- **DIRECTIONS FOR THIS TASK**
The whole listing is to be written out again exactly; the pictures are not.

- **GIVEN MATERIAL**
____

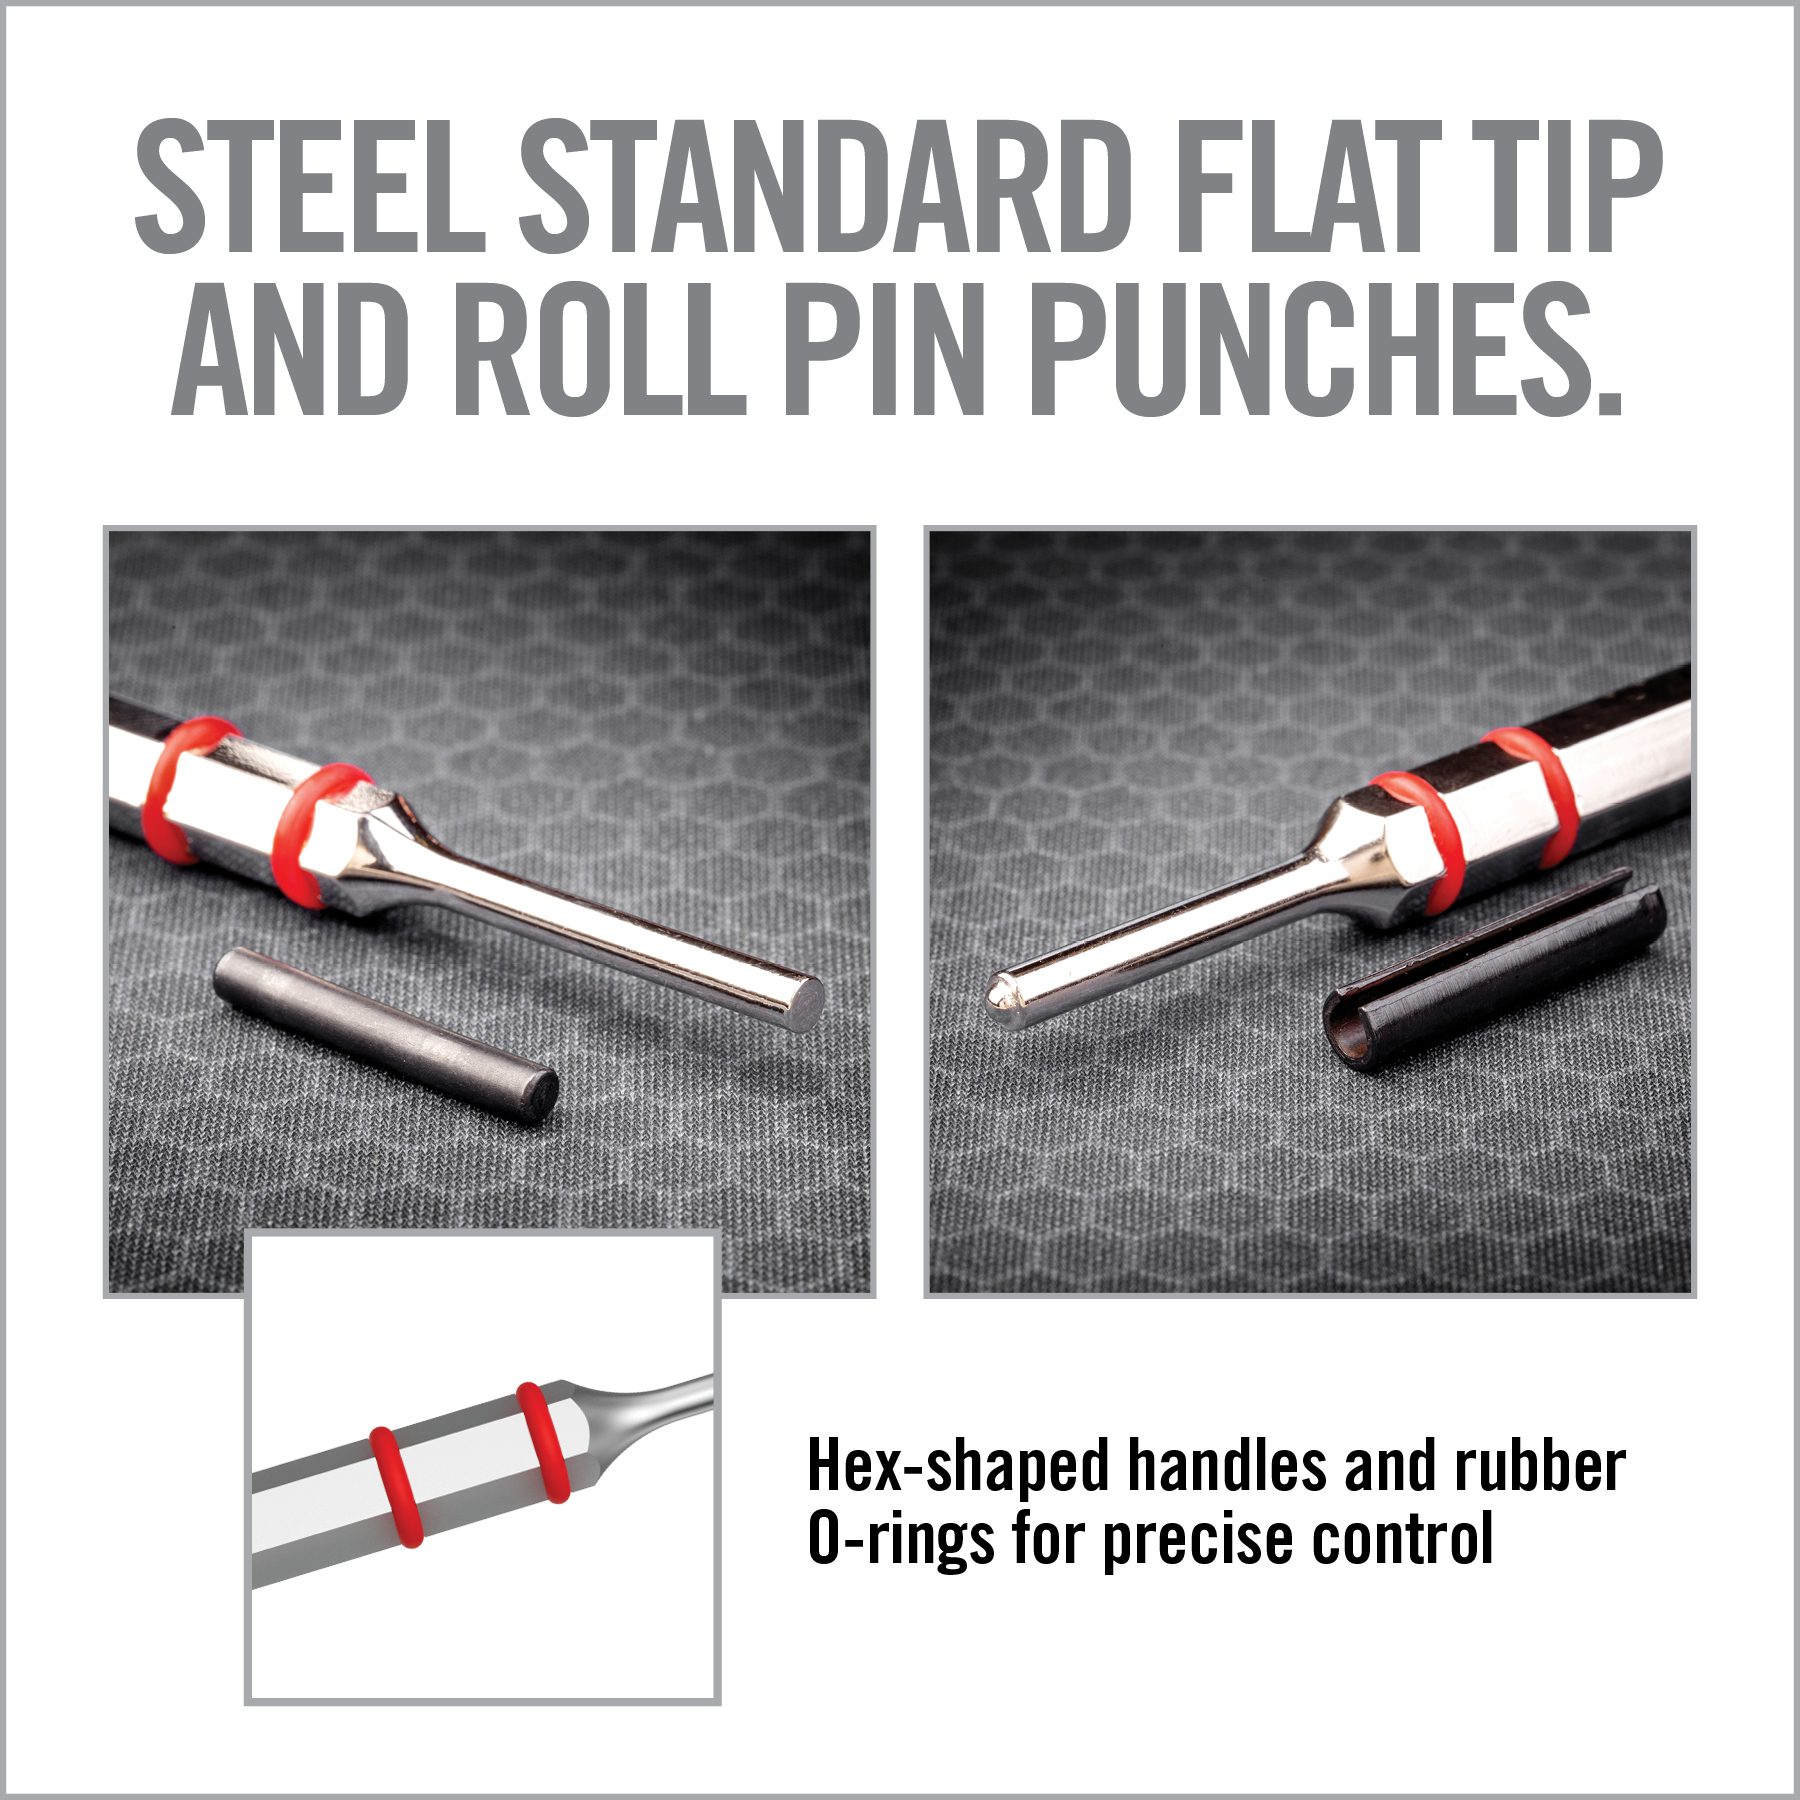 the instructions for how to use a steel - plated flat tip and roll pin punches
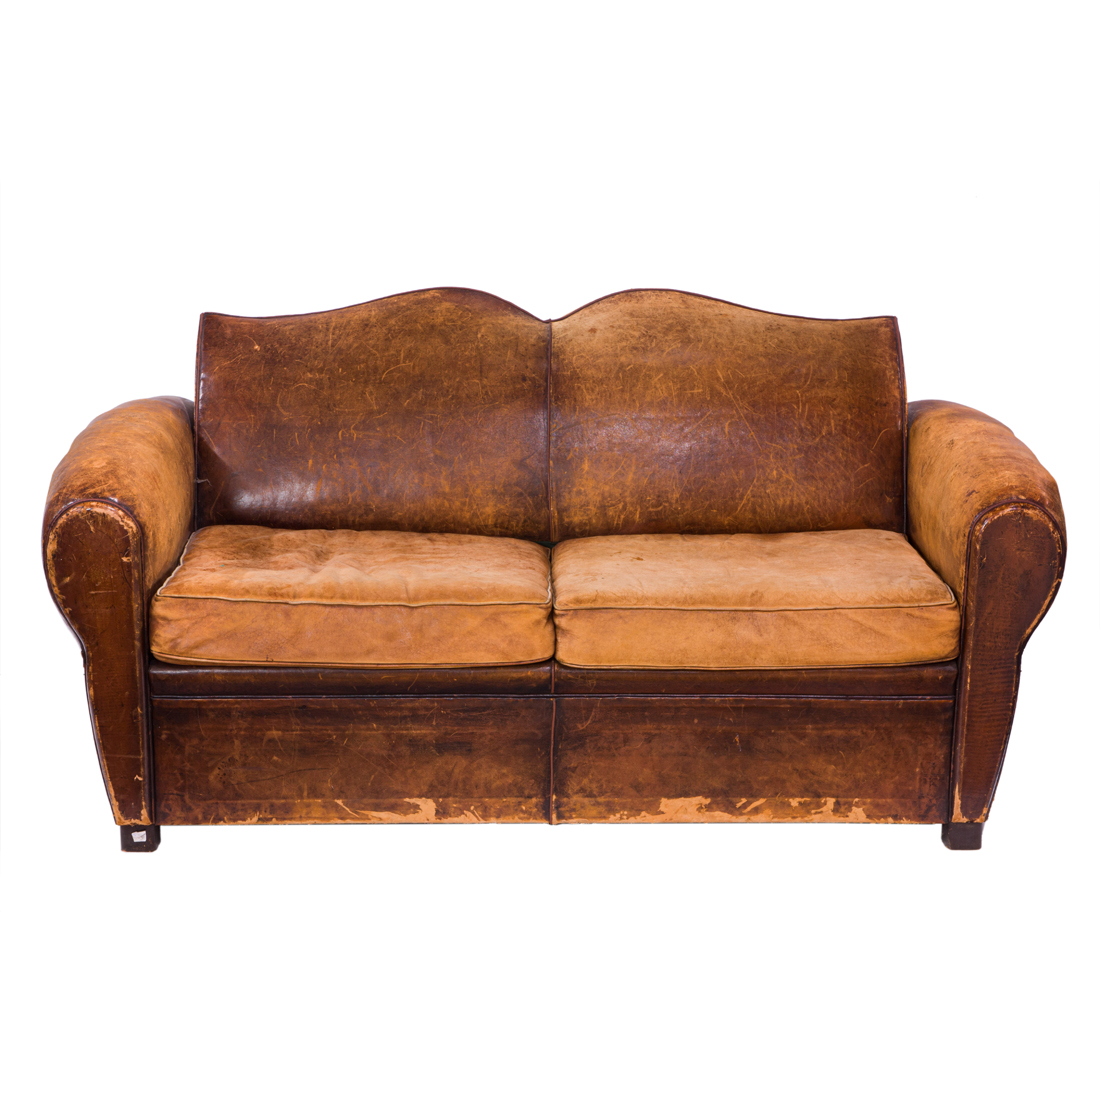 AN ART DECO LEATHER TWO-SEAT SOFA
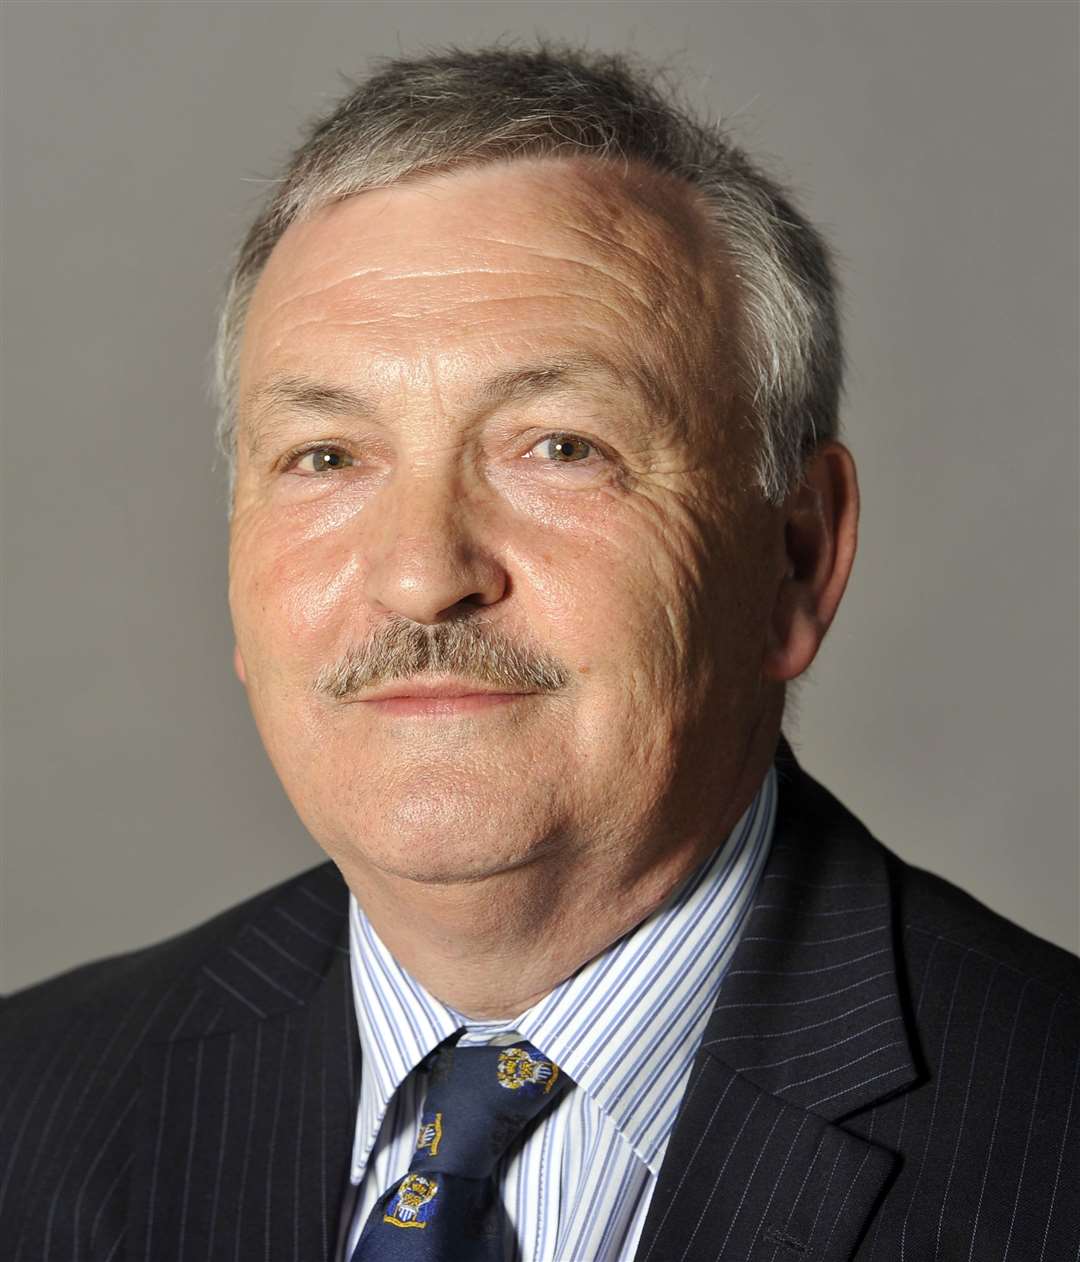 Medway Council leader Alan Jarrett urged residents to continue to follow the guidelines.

____

- **EXPECTED OUTPUT**
 the instructions for how to use a steel - plated flat tip and roll pin punches
 AN ART DECO LEATHER TWO-SEAT SOFA
 Medway Council leader Alan Jarrett urged residents to continue to follow the guidelines.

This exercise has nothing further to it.